Le Collectif des Associations Musulmanes a organisé, vendredi dernier, un meeting à la Bourse du Travail. En fait c’est une marche qui était programmée. Au moment de lire son discours, Mohamed Kimbiri a annoncé le meeting en lieu et place de la marche. Ce qui a créé un tollé général et certains ont voulu marcher. La présence dissuasive de la police les en a empêchés. Mohamed Kimbiri a été vite conduit dans la salle de la Bourse du Travail et les policiers ont du intervenir pour le protéger de la foule déchainée.
Pourtant avant de lire sa déclaration, il avait expliqué que le changement dans le programme est intervenu, la veille, à cause de l’intervention des familles fondatrices de Bamako et de certaines notabilités. Il avait, aussi, indiqué qu’un plan B était prévu, pour faire une prochaine marche. Toutefois, il ne semble pas avoir tout dit, vu la détermination de la police à charger les marcheurs, alors que le bruit avait couru que la marche était autorisée. Dans sa déclaration, il a indiqué : « depuis un certain moment, l’école malienne connait, de façon récurrente, des années scolaires et universitaires ponctuées de perturbations et de troubles. Le système éducatif malien est tombé dans un état calamiteux très avancé : sorties intempestives, grèves à répétition, violence dans l’espace estudiantin, programmes tronqués, baisse catastrophique des niveaux, années blanches, etc. » Conscients de ces problèmes, le Collectif des Associations musulmanes a décidé d’assumer sa responsabilité pour la défense et la sauvegarde des valeurs de l’école malienne. Il rappelle que l’Etat doit remplir toute sa mission, tout son rôle dans la gestion de l’école. Il a indiqué, en propos prémonitoire, que l’Etat ne doit pas prendre des engagements qu’il ne peut pas honorer. L’association estime que les pouvoirs publics et les syndicats doivent se ressaisir. Elle « dénonce les comportements anti-pédagogiques qui ternissent l’image de l’éducateur : à savoir le refus d’évaluer et la rétention des notes… fustige l’intolérable démission grandissante de l’environnement familial face aux enfants. » Elle exige instamment du gouvernement et des syndicats, des mesures diligentes pour la reprise immédiate des cours dans nos écoles.
B.D.
Réactions des participants au meeting des Associations musulmanes
Au cours du meeting improvisé des Associations musulmanes, nous avons eu le temps de tendre notre micro à des participants avant que la situation ne dégénère. Lisez leurs réactions !
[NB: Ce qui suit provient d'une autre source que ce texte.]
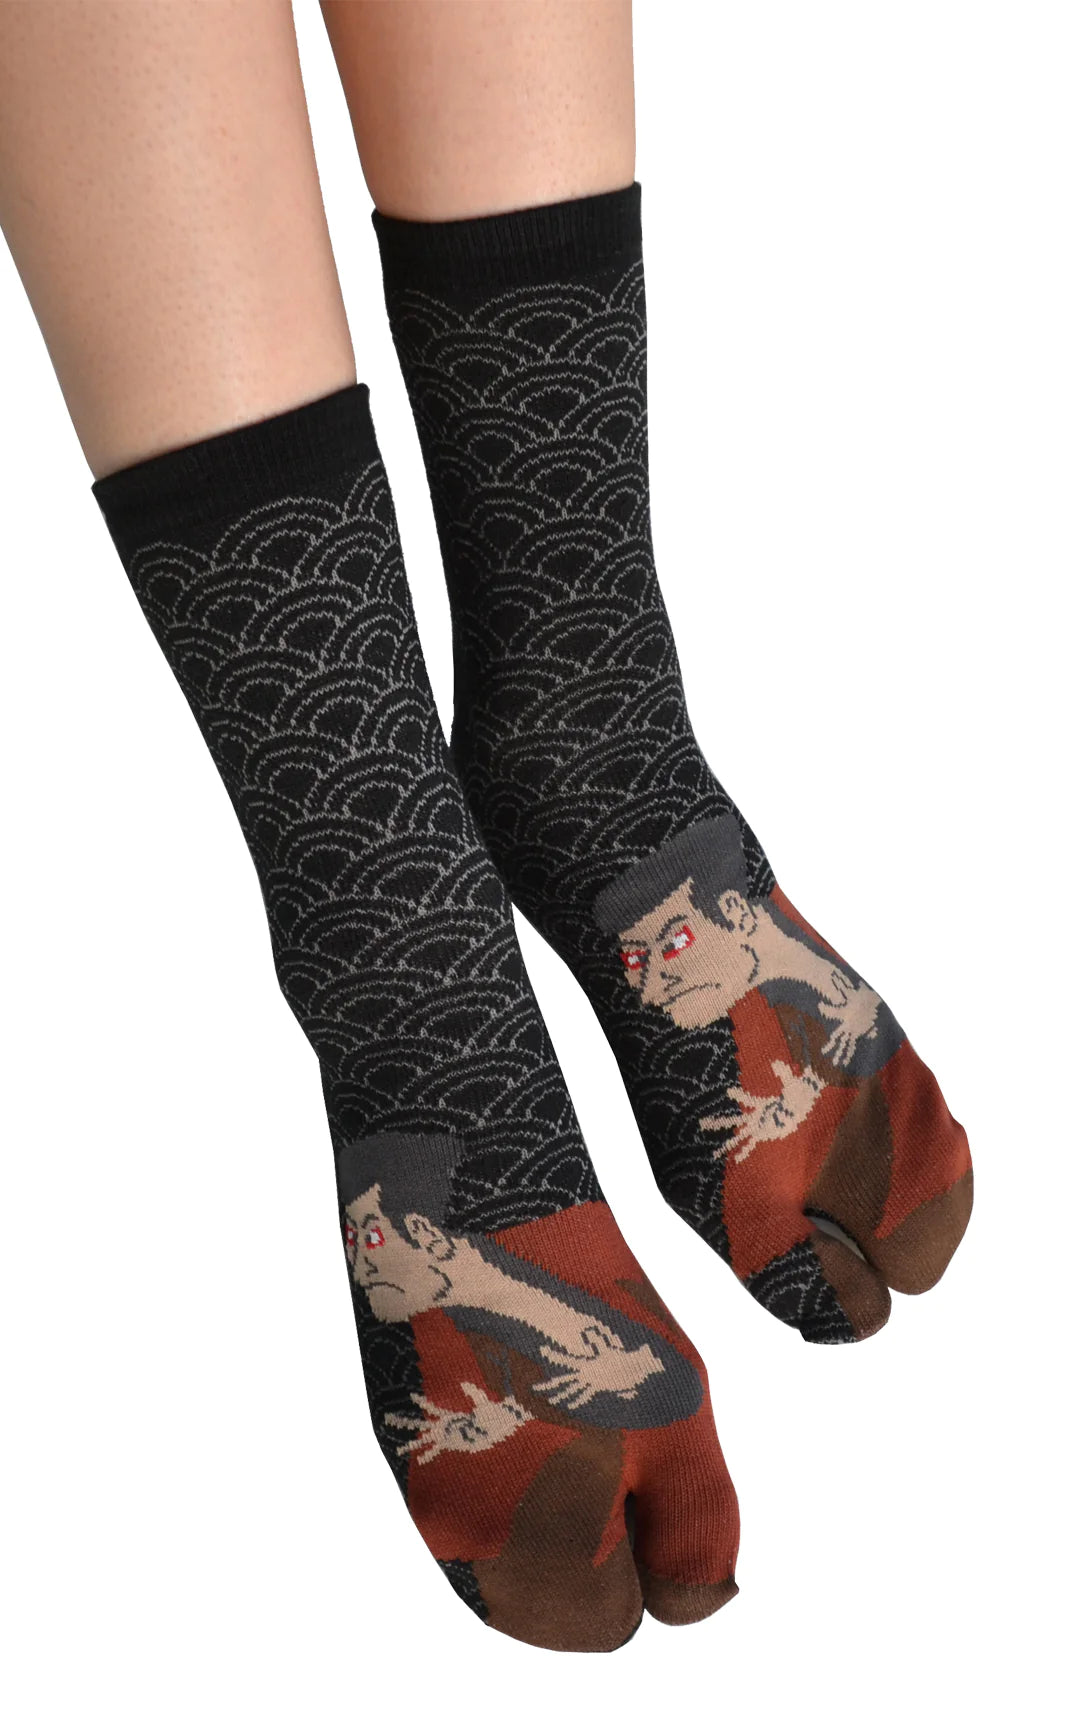 A woman is wearing KABUKI TABI TOE SOCKS Black, a product name inspired by Japanese Kabuki by NINJA SOCKS

Mohamed Kimbiri, Leader religieux
Les enfants ont composé pendant le premier trimestre, les notes n’ont pas été corrigées, souvent certaines notes sont même restées au niveau des directions, donc, le deuxième trimestre vient de s’achever. Il y a le refus d’évaluer, la rétention des notes, le gouvernement ne joue pas franc jeu, nous, en tant que société civile, nous devons jouer notre partition dans cette affaire pour dire la vérité aux enseignants et au gouvernement : trop c’est trop ! L’avenir de nos enfants est au dessus d’un poste ministériel ou d’un droit syndical. Nous avons un plan B. Aujourd’hui, ce n’est qu’une première sortie et le jour où on appliquera le plan B, le Mali saura qu’il a une société civile forte.
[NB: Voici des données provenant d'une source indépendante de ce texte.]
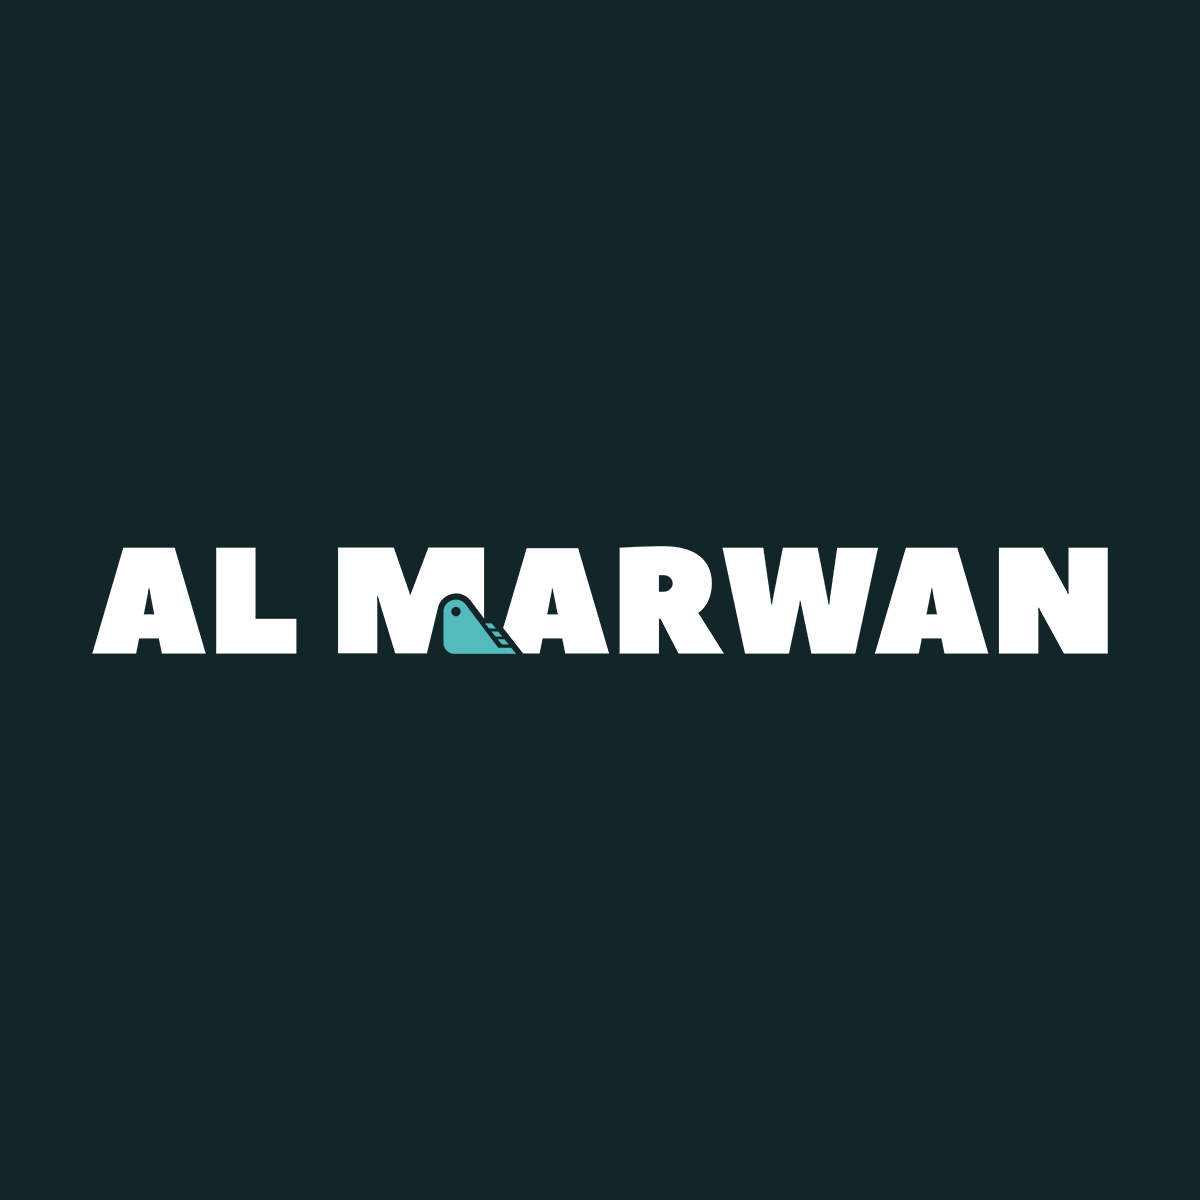 Al Marwan Heavy Machinery

Chiaka Coulibaly, Leader du Mouvement Associatif des Personnes Handicapées
Je suis sorti aujourd’hui pour montrer ma solidarité contre toutes les injustices qui prévalent aujourd’hui, au Mali et aussi, à cause du risque d’année blanche qui se profile à l’horizon. Nous voyons que depuis la rentrée jusqu’à la date d’aujourd’hui, pratiquement, nos écoles sont fermées, donc on pense qu’à un moment donné, il y a risque d’année blanche.
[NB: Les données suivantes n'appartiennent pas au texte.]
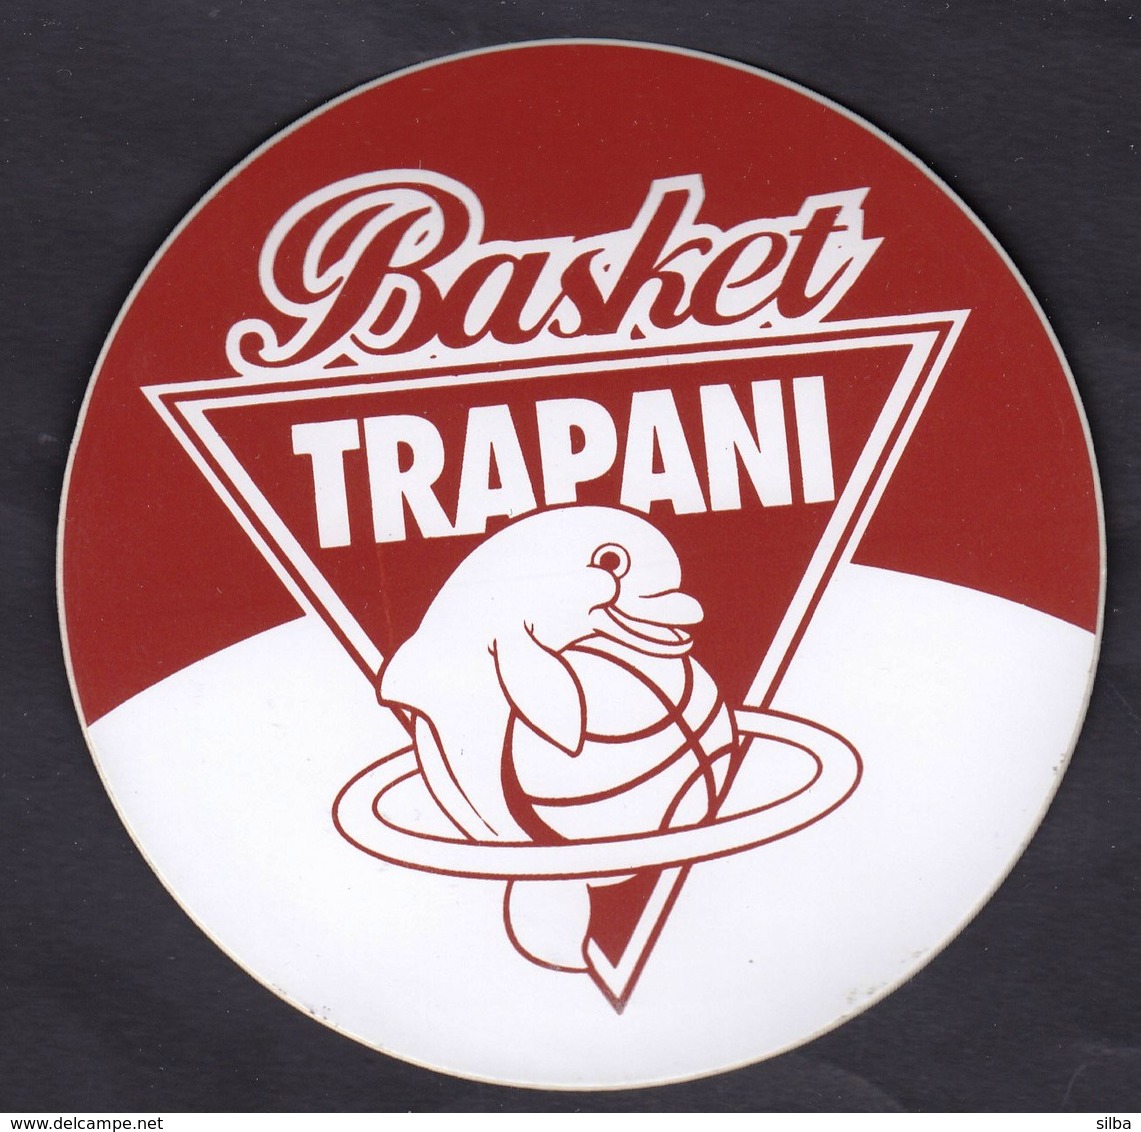 Basketball / Basket Trapani / Dolphin / Adesivo Sticker Label Autocollant / Pallacanestro - Bekleidung, Souvenirs Und Sonstige

Quels sont les problèmes que les handicapés ont récemment rencontrés ?
Le 11 mars, le Groupement des personnes handicapées a voulu rencontrer le Premier ministre qui nous avait accordé un entretien et au vu de cet entretien, il avait promis des choses concernant les revendications des personnes handicapées, surtout le volet emploi des personnes handicapées. Comme il nous avait donné 72 heures pour régler le problème, au mois de juillet, on a attendu jusqu’au mois de mars et le 11 mars, on était parti pour lui rappeler ses engagements. On a trouvé qu’il y avait pratiquement l’armée malienne qui était à la porte et nous avons été accueillis par des jets de gaz et une brutalité sans nom parce qu’on a saccagé des motos des personnes handicapées, des casques, on a même eu beaucoup de blessés dans nos rangs et la violence était telle que je pense qu’il y avait l’intention de tuer des personnes handicapées. Imaginez que parmi les personnes handicapées, il y a des personnes qui ont des problèmes de peau, des personnes qui ont des problèmes de vision, des aveugles, il y a des personnes qui ont des problèmes de respiration, donc, quand on leur envoie des gaz, l’intention était de les tuer. Il y a même des personnes handicapées qui étaient couchées et qui ne pouvaient plus bouger, parce que n’ayant pas usage de leurs jambes, mais, on a jeté des gaz entre leurs jambes, donc, vraiment, c’était pour les tuer.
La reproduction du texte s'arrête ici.